**Stored data**
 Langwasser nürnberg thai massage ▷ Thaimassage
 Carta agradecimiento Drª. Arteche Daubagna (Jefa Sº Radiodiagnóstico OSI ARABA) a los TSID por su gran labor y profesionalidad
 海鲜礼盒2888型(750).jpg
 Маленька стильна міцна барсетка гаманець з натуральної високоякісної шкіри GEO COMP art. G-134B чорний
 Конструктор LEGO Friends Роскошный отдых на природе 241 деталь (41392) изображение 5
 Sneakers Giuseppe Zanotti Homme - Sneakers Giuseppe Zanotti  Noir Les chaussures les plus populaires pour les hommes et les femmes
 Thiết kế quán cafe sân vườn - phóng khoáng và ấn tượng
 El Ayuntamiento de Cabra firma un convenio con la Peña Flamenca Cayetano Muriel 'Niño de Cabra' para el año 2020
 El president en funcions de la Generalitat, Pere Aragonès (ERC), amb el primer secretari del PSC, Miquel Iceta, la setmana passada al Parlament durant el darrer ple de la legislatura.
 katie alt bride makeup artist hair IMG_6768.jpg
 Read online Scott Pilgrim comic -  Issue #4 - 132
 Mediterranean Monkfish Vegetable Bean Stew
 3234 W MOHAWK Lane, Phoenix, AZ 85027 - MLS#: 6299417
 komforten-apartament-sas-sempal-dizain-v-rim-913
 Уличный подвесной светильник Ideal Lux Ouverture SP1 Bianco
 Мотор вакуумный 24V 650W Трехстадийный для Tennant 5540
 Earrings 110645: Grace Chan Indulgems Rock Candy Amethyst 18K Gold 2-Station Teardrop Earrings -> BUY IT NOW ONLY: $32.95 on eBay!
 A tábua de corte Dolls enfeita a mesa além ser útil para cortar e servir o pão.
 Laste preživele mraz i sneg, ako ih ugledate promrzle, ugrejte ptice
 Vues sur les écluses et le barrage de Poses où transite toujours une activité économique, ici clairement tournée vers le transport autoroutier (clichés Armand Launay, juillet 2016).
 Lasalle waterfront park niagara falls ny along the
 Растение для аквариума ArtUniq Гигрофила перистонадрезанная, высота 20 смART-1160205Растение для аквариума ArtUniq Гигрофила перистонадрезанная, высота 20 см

**Task prompt**
Where the data above reaches the line holding "Read online Scott", begin printing, and stop after the line holding "Мотор вакуумный 24V". Each line must be reproduced exactly, with nothing else added.

**Finished task**
 Read online Scott Pilgrim comic -  Issue #4 - 132
 Mediterranean Monkfish Vegetable Bean Stew
 3234 W MOHAWK Lane, Phoenix, AZ 85027 - MLS#: 6299417
 komforten-apartament-sas-sempal-dizain-v-rim-913
 Уличный подвесной светильник Ideal Lux Ouverture SP1 Bianco
 Мотор вакуумный 24V 650W Трехстадийный для Tennant 5540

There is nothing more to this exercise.